Finalmente o Chico voltou a ser trazido para junto de mim, mas já com um colar isabelino no pescoço e as patas anteriores enfaixadas para a fixação de cateter com acesso.  
O médico anunciou que já viria falar comigo.
Sem posição e logicamente impaciente e em desconforto, o Chico procurava aninhar-se para deitar a cabeça na mantinha que cobria a transportadora.  Eu metia os dedos por entre as grades da porta e falava-lhe  baixinho ...  "É a  dona ... está  aqui  a  dona.  Não  tenhas  medo !"...
Finalmente chegou o veredito: o Chico tinha as análises totalmente alteradas. Uma glucose a menos de metade do normal, potássio mais do dobro, creatinina e toda uma série de parâmetros descontrolados.  Eu já nem ouvia as explicações do médico, só retive "tem que ficar internado, tem que ficar internado, tem que ficar internado ..."- uma espécie de ribombar de trovão nos meus ouvidos.
"Vamos tentar estabilizá-lo ; através do soro vamos fazer-lhe um choque de glucose, imediatamente. Dos resultados do estudo ecográfico ainda não há notícias.  É a médica ecografista que os fornece e provavelmente só amanhã".

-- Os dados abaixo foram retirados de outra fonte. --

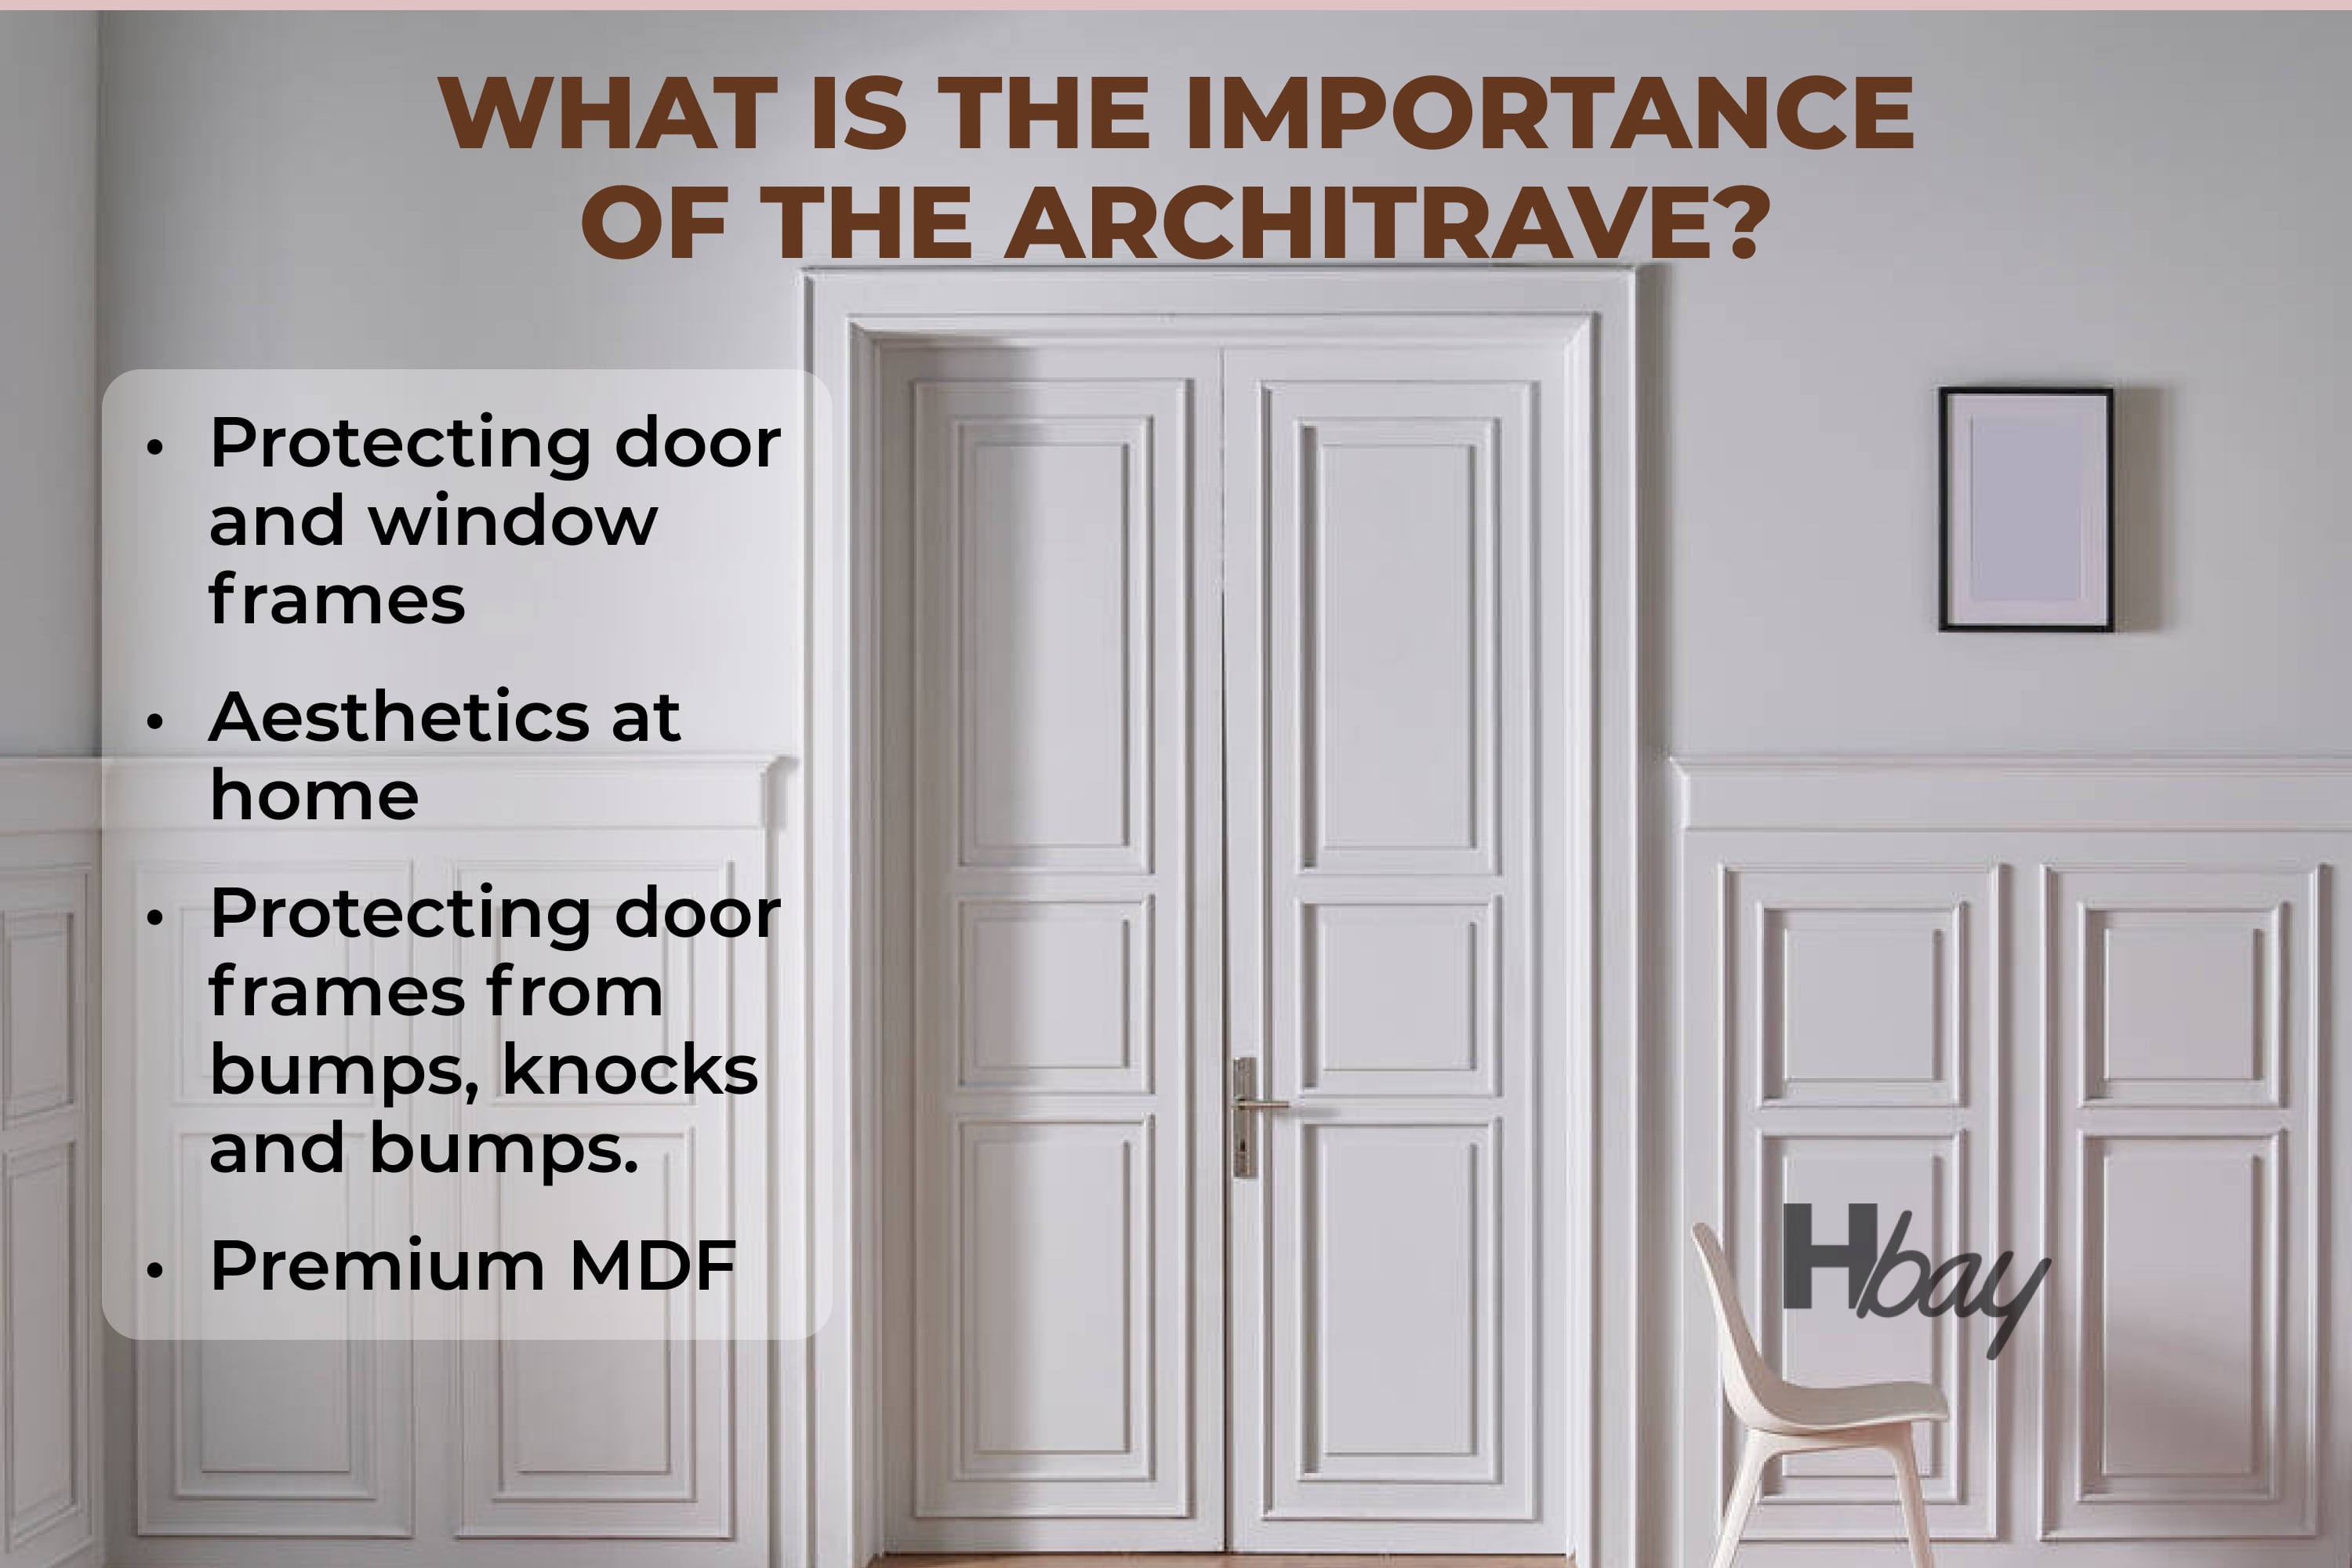 What is the importance of the architrave

Regressei a casa.  Do trajecto lembro pouco. Sentia-me um zombie. Uma sensação de frio, de solidão e de medo tolhiam-me.  Mas vim e cheguei a casa.
Comi uma torrada e um café e fui caminhar.  Precisava esvaziar a cabeça, se pudesse, deixar de pensar.
O que sentiria o Chico por lá ?
Notícias mais concretas, tê-las-ia ontem, segunda-feira, pela hora de almoço.

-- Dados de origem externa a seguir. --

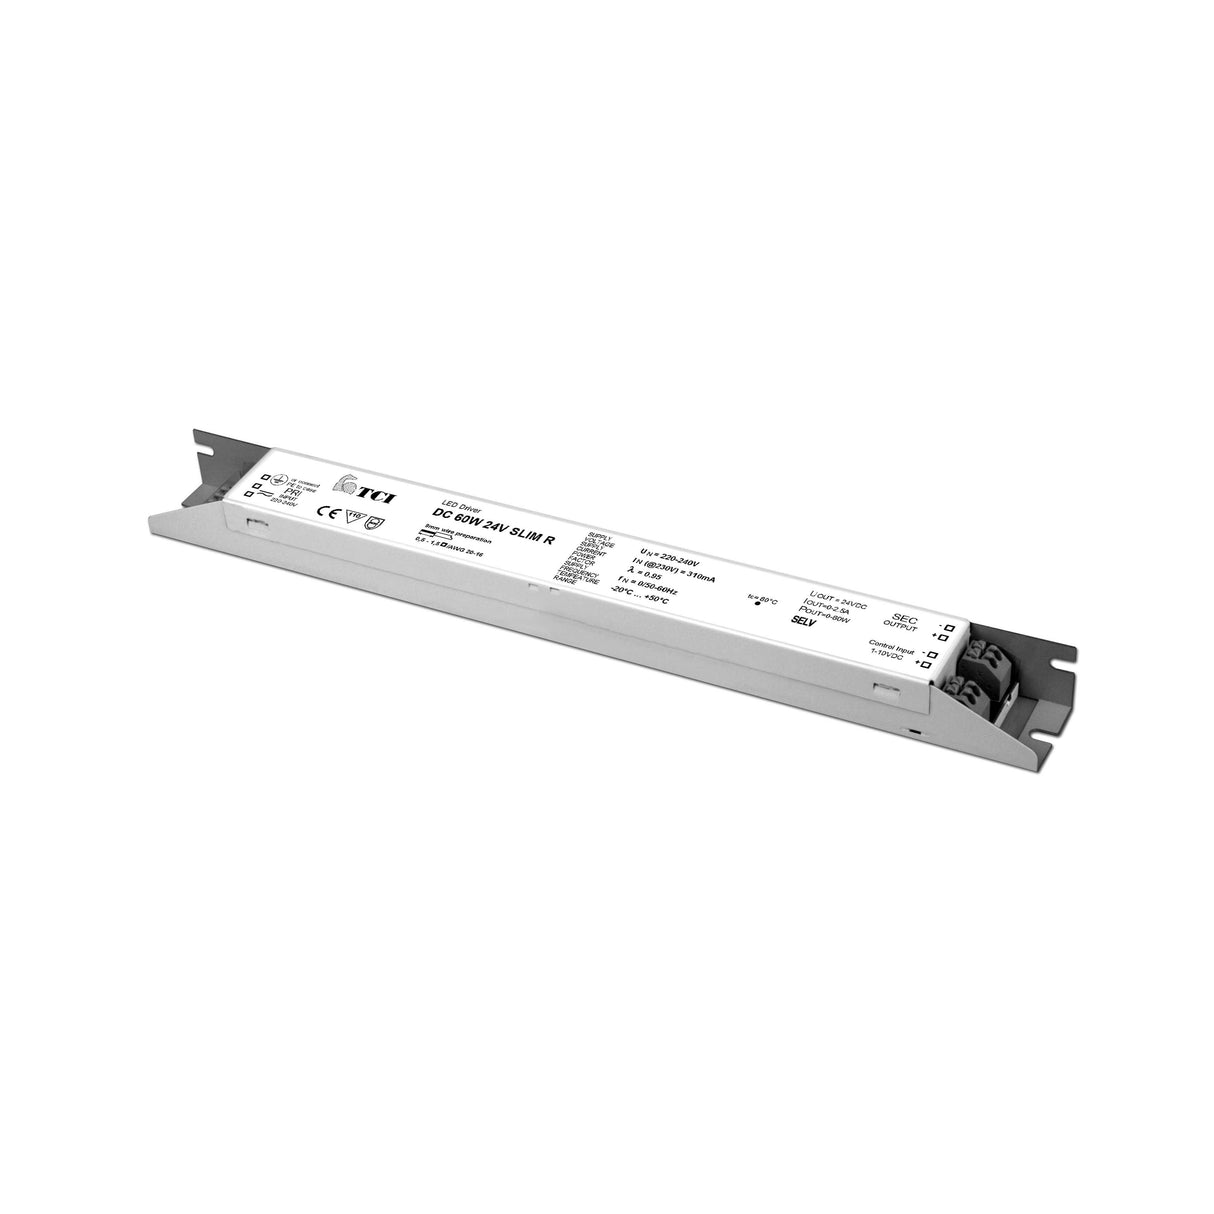 TCI 150W 24V constant voltage driver - slim type - 1-10V dimmable(127957)

A noite foi de "apagão", pois a anterior tinha sido em claro, e aguardei ansiosa as informações que a médica me daria.
Por volta das duas da tarde, o telefone tocou e lembro-me de ouvir a médica dizer : "Venho dar-lhe notícias do seu príncipe.  Conseguimos estabilizá-lo e já trouxemos a glicose e o potássio a valores normais ( não sei se outros valores foram referidos ), mas não tenho boas notícias a dar-lhe.  O estudo ecográfico mostra um pâncreas alterado, o que indicia uma pancreatite e os rins, sobretudo um deles ( também já não sei qual ), mostrando sinais de falência.
Isto indica termos um animal numa situação muito grave que terá que ficar em internamento por tempo indeterminado e carecendo de vigilância permanente e sem qualquer qualidade de vida.  Não esqueçamos que tudo isto é potenciado pela diabetes de que sofre.
Portanto, de acordo com a equipa médica, deixamos e acatamos inteiramente o que venha a decidir !"

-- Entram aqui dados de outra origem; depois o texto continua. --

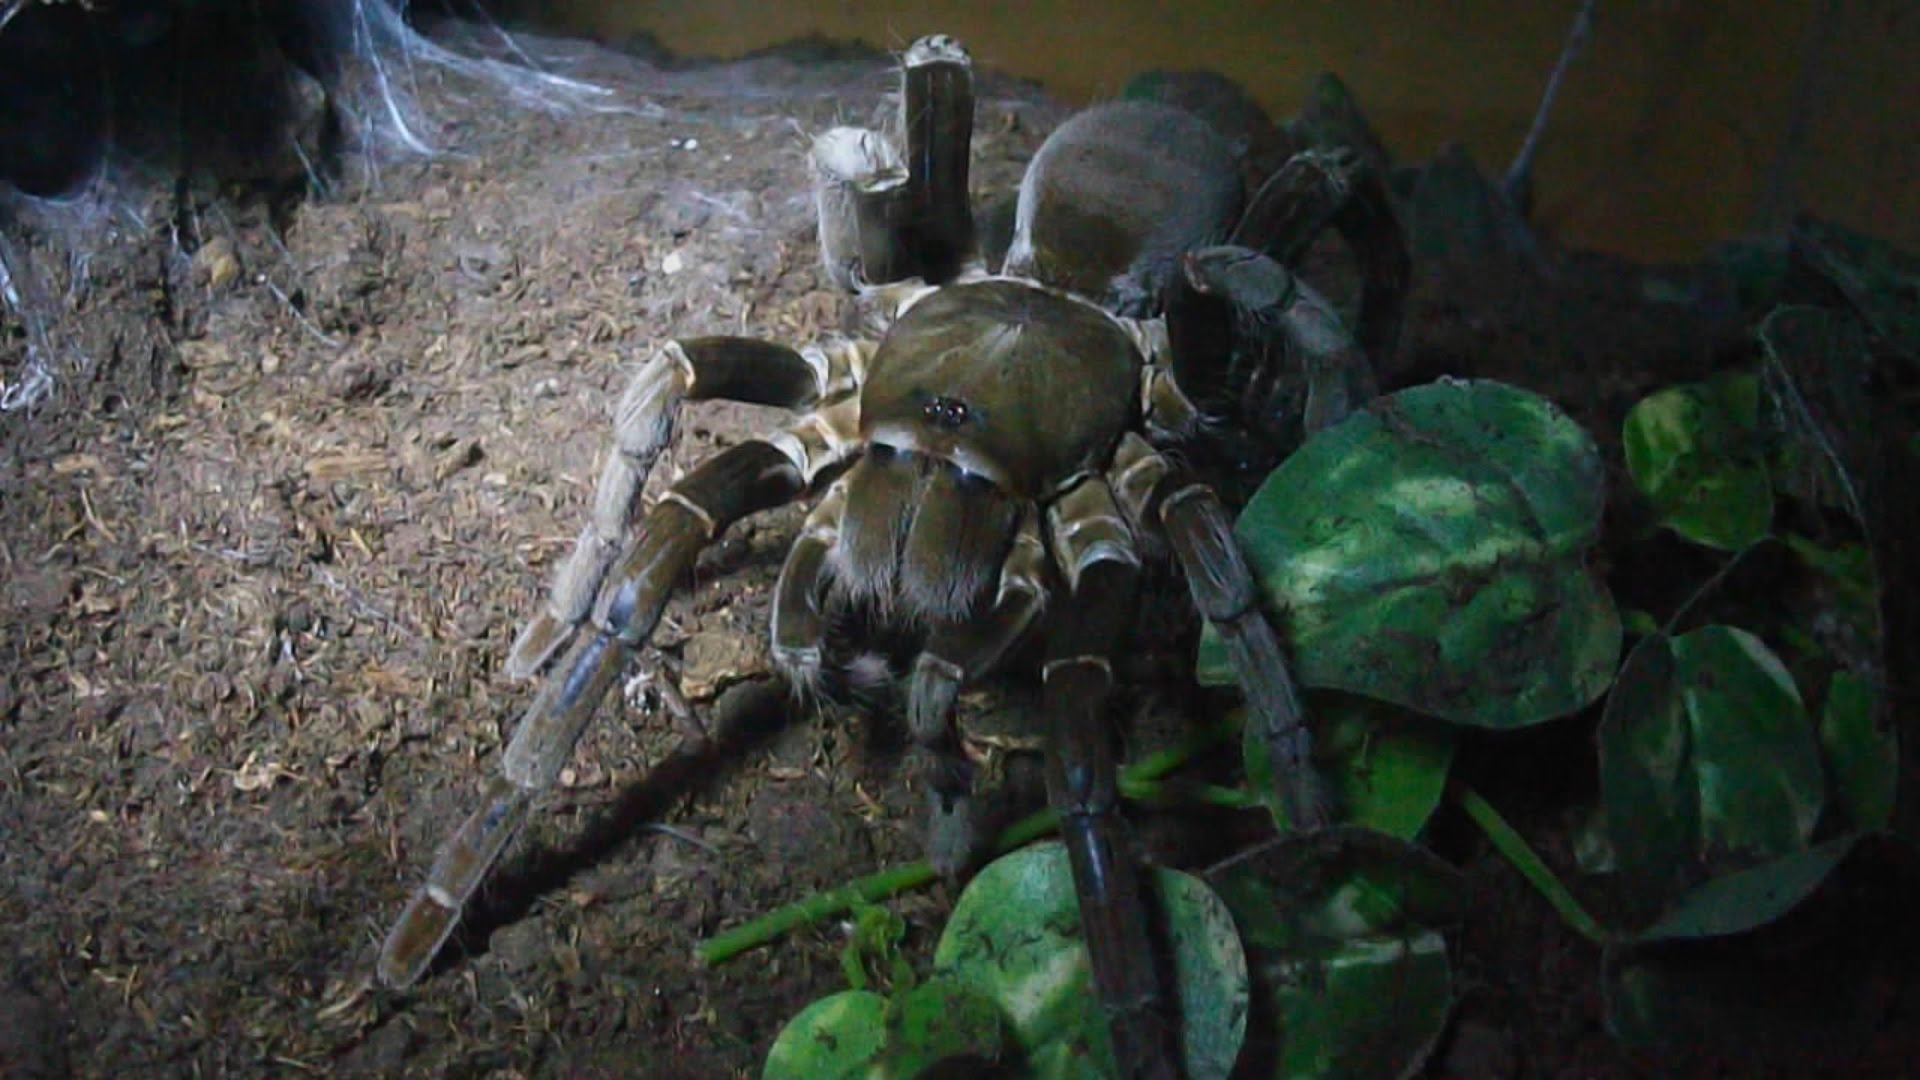 Hercules Baboon Spider Arena Pile Top 10 Worlds Largest Spider

Sentia-me perdida, como se uma violenta paulada me tivesse atingido em cheio.  Uma decisão hedionda que me cabia agora tomar. 
Não podia ser egoísta e permitir que o meu companheiro de tantos anos continuasse limitado e a sofrer. Afinal eu defendo a eutanásia, e tenho esperança que também para o ser humano, lá haveremos de chegar.
Mas decidir, dizer "é agora", retirem-lhe o último sopro de vida, chegou a hora para o Chico ... é duma violência atroz, que infelizmente muitos de nós já experimentámos.  Eu própria já passei por vários destes momentos, e lembro cada um deles como a ante-câmara dos horrores ...

Mas havia que seguir adiante.  Voltei ao hospital e resolvi.  
Por ele, por mim, por todos nós que com ele privámos e que tanto o amámos, que com o maior amor e carinho possíveis, chegara mesmo a hora ...
Embrulhado numa mantinha, o Chico esteve no meu cólo, numa sala privada, alguns minutos só nossos.  Falei-lhe bem baixinho, falei-lhe do Jonas, da Teresa que o adorava, disse-lhe como a nossa casa, agora lá longe, ficaria vazia, triste e escura ... pedi-lhe que me perdoasse, disse-lhe como o amei, registei-lhe o olhar em meia dúzia de fotografias que farão parte do meu espólio enquanto viver ...
E deixei-o ir ... 
Será que me sentiu até ao fim ?  Será que confiou que eu o protegeria ... ou terá sentido que o traí ?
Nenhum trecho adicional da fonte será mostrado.